- Full name: 白雅雯 (Bai Yawen)
- Born: 9 September 1998 (age 27) Nanning, Guangxi, China

Gymnastics career
- Discipline: Women's artistic gymnastics
- Country represented: China (2014–17 (CHN))
- Head coaches: Li Zheng (李政), Sun Haiou (孙海欧)
- Medal record
Representing China
World Championships
| Silver medal – second place | 2014 Nanning | Team |
| Silver medal – second place | 2014 Nanning | Balance Beam |
Asian Games
| Gold medal – first place | 2014 Incheon | Team |

= Bai Yawen =

Chinese artistic gymnast

Bai Yawen (白雅雯) is a former Chinese artistic gymnast. She is the 2014 World balance beam silver medalist. She is also the 2014 World team silver medalist.

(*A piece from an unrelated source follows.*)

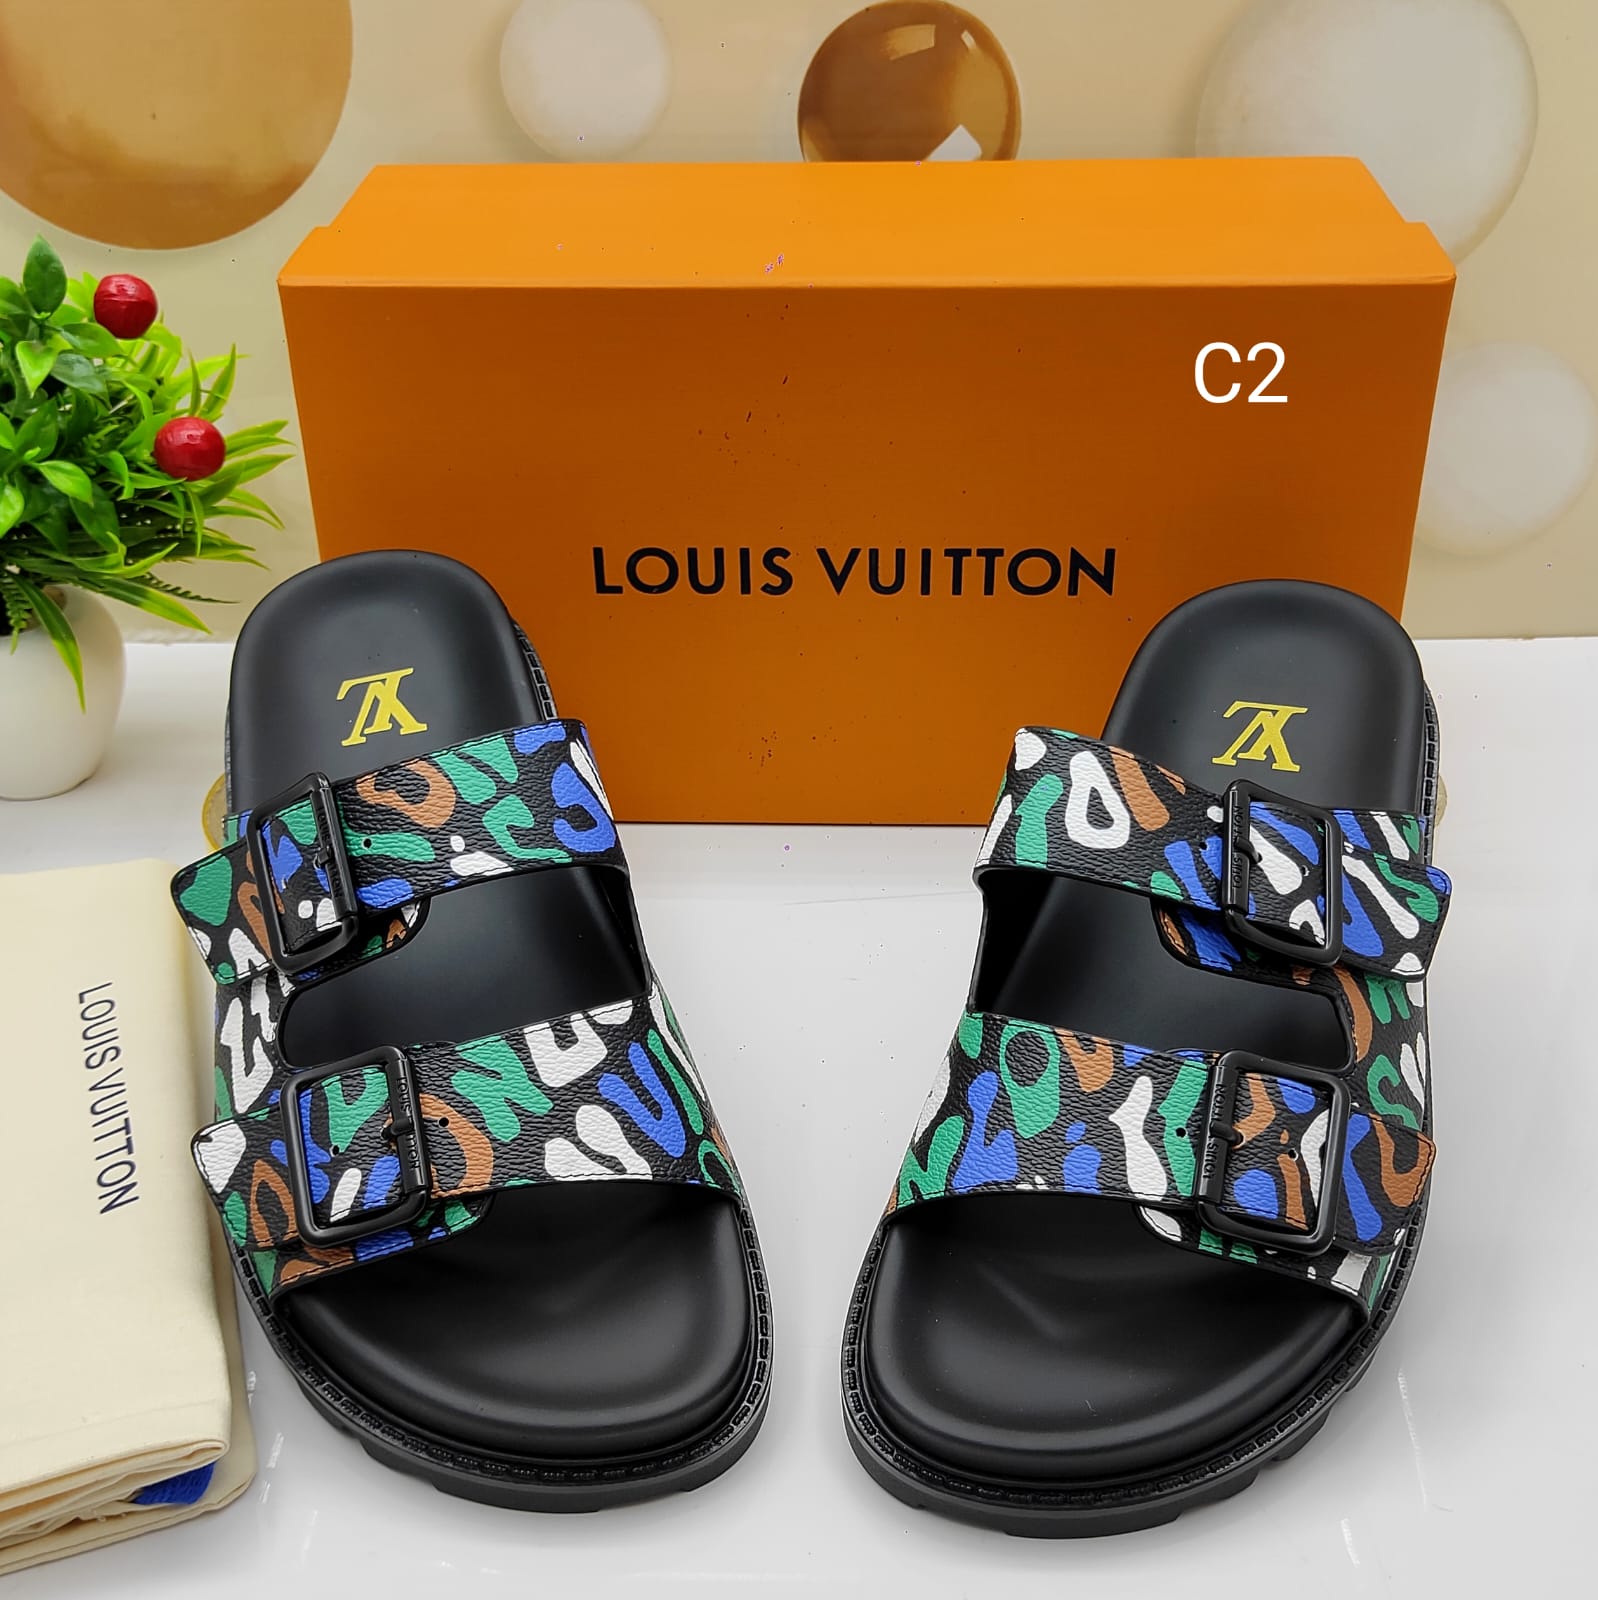 Louis vuitton designers palm slippers

2014 was Bai Yawen's first year as a senior gymnast.

At the Chinese National Championships in May, she won the silver on Balance Beam.
Later that year, Bai was selected to represent China at the Asian Games in Incheon where she and her teammates Yao Jinnan, Shang Chunsong, Huang Huidan, Tan Jiaxin, and Chen Siyi won team gold. Bai also competed at the World Championships in Nanning, where the Chinese team won the silver medal behind the United States. Despite individually qualifying to the Balance Beam Final, Bai did not compete in Team Finals. However, she later won the silver medal in the Balance Beam Final behind Simone Biles of the United States and ahead of then-reigning World Champion Aliya Mustafina of Russia.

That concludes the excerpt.